Metadata-Version: 2.1
Name: s5-pytorch
Version: 0.1.9
Summary: S5 - Simplified State Space Layers for Sequence Modeling - Pytorch
Home-page: https://github.com/i404788/s5-pytorch
Author: Ferris Kwaijtaal
Author-email: ferris+gh@devdroplets.com
License: MIT
Keywords: artificial intelligence,deep learning,transformers,attention mechanism,audio generation
Classifier: Development Status :: 4 - Beta
Classifier: Intended Audience :: Developers
Classifier: Topic :: Scientific/Engineering :: Artificial Intelligence
Classifier: License :: OSI Approved :: MIT License
Classifier: Programming Language :: Python :: 3.10
Description-Content-Type: text/markdown
License-File: LICENSE

# S5: Simplified State Space Layers for Sequence Modeling
This is a ported version derived from <https://github.com/lindermanlab/S5> and <https://github.com/kavorite/S5>.
It includes a bunch of functions ported from jax/lax/flax/whatever since they didn't exist yet. 
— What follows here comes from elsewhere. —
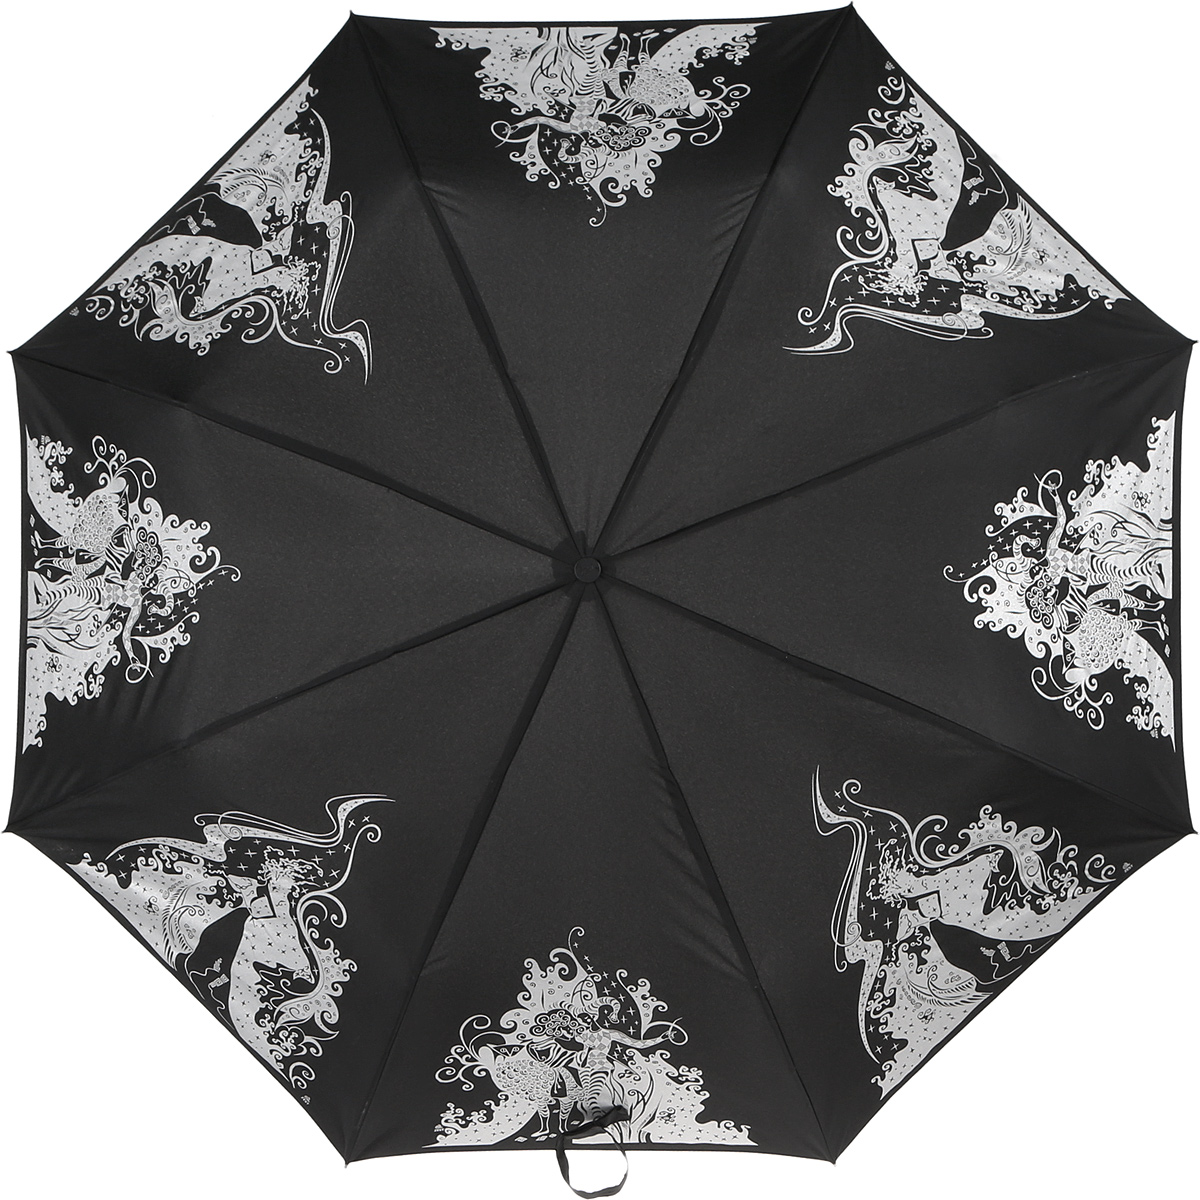 Зонт женский Zest, автомат, 3 сложения, цвет: черный, белый. 23849-1338

Jax is required because it relies on the pytree structure but it's not used for any computation. 
Pytorch 1.13 or later is required because it makes heavy use of `functorch.vamp` to substitute it's jax counterpart.
Python 3.10 or later is required due to usage of the `match` keyword

\--- 

Update:

In my experiments it follows the results found in the [Hyena Hierarchy](https://arxiv.org/abs/2302.10866) (& H3) paper that the state spaces alone lack the recall capabilities required for LLM but seem work well for regular sequence feature extraction and linear complexity.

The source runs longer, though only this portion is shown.